The South Pole has about a two-year supply of frozen food in an underground food arch. About once a week during the summer we get freshies (fruit, veggies and eggs) from New Zealand, depending on weather. Back in Portland, I work for Groundwork Organics, an organic farm, and I thought I appreciated fresh fruit and veggies at the farmers market, but now when I see freshies I’m even more thankful. It’s remarkable that you can eat a fresh avocado at the South Pole, or even just an apple. Part of the space-stationlike vibe [here] is the greenhouse, which does grow a nice amount of greens, including kale! Also, alien meat is pretty good.

How do you entertain yourselves?
There are some fun nights here: some big dance parties, Scrabble and cribbage are huge, watching movies, and of course looking for aliens. My favorite thing is to walk away from the station and sit in the sun in the flat, white nothing. I recently found a spot I call “The Beach” because the ice looks like the ocean, and where I like to sit sorta looks like the beach. I brought my boombox, too, so I’ll play music and just sit and enjoy that nothingness. I’ve enjoyed making some absurd videos. Also, checking out the science happening here has been fascinating, even if I can’t understand any of it.


What’s the dating scene like?

There are free condoms in every bathroom. That said, I think a lot of people just take the condoms ’cause they’re feeling overconfident. People are definitely hooking up.


South Pole fashion. Portlandy?

Everybody is mostly wearing the same thing, a “Big Red” parka, Carhartt overalls, bunny boots, gloves and goggles. Definitely lots of gross beards. Not nearly enough cutoff denim as Portland, which is too bad, and thankfully not as much flannel. For parties, people wear some outrageous clothes, most of which have been left here over the years. The ’80s are definitely still going on here at the South Pole.

How did you end up there, anyway?
I’m following in the footsteps of my friend who worked in Antarctica. I thought about doing this for three years and finally realized that if I didn’t do it now then I never would. So I applied, and a week later I had the job.

Is the South Pole everything you thought it would be?
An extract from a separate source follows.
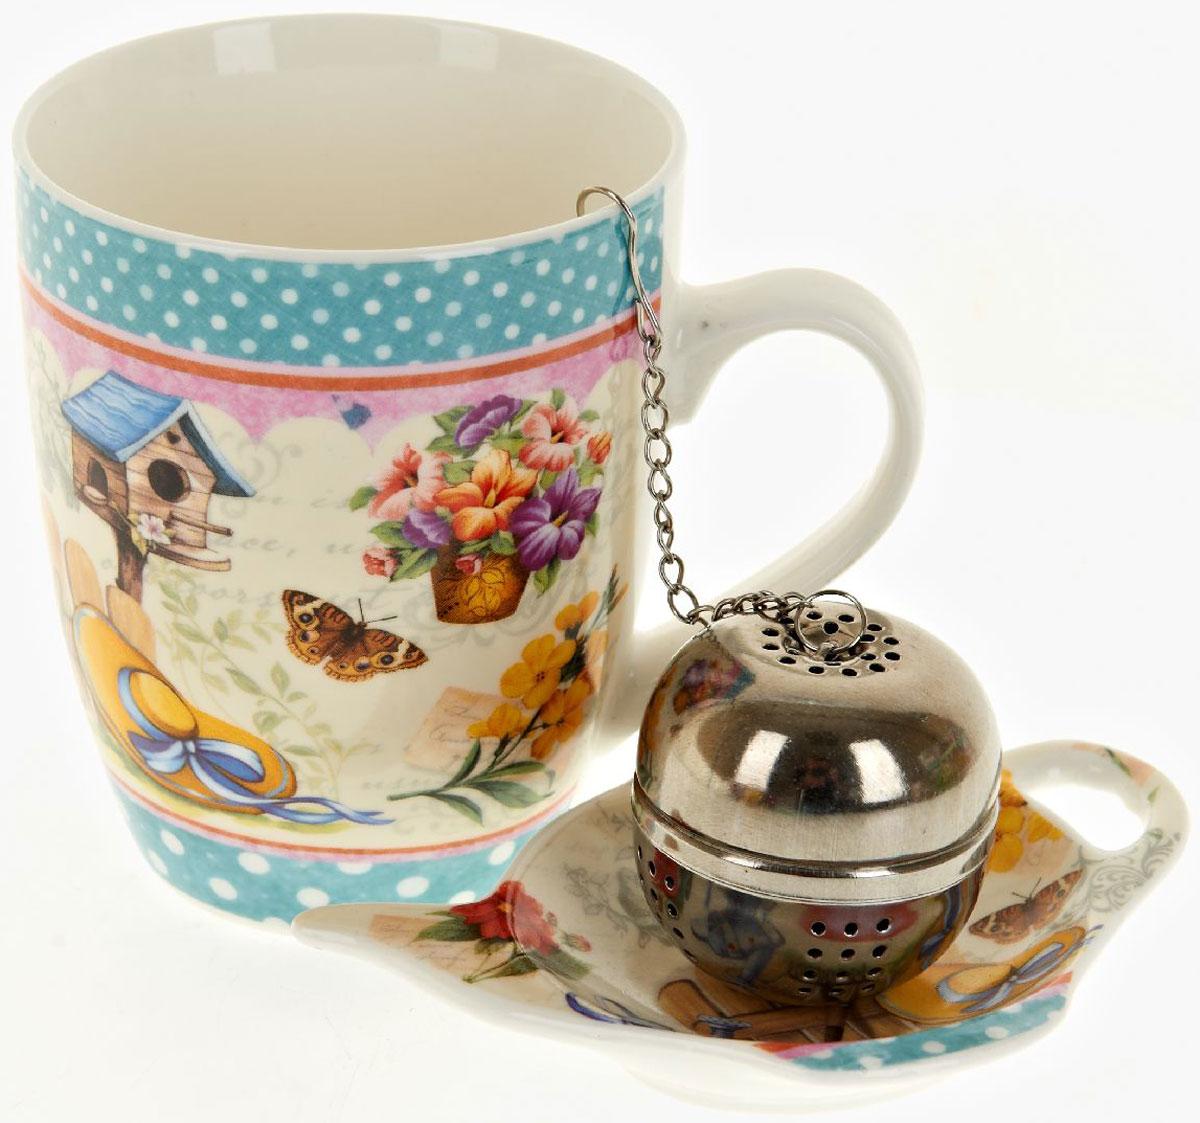 Кружка Nouvelle De France Сад, с фильтром, с подставкой под чайный пакетик, 340 мл54 009303Оригинальная кружка Nouvelle с ситечком для заварки и подставкой под чайный пакетик, выполненная из высококачественного фарфора, сочетает в себе изысканный дизайн с максимальной функциональностью.Красочность оформления кружки придется по вкусу и ценителям классики, и тем, кто предпочитает утонченность и изысканность.В комплект входит кружка, ситечко и подставка. Можно использовать в ПММ.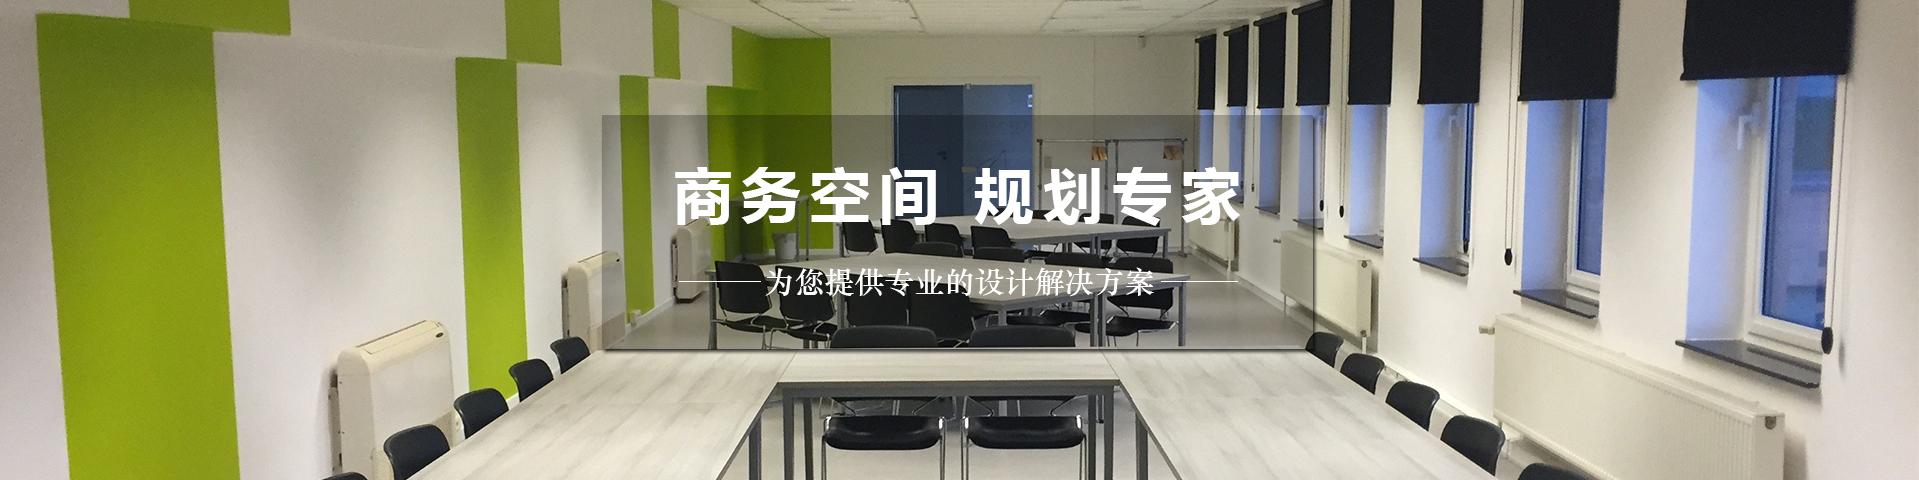 12博官网手机版下载屏风玻璃隔断

It doesn’t seem to belong to any place or any time. Until you land here, you can’t feel how strange it is. It’s fucking strange. I’ve completely fallen in love with the landscape and find it fun to walk out into minus-25 degrees  and think it actually feels pretty warm. It’s definitely been harder than I thought it would be, and it’s made me a tougher person. Life in Portland is so fucking easy.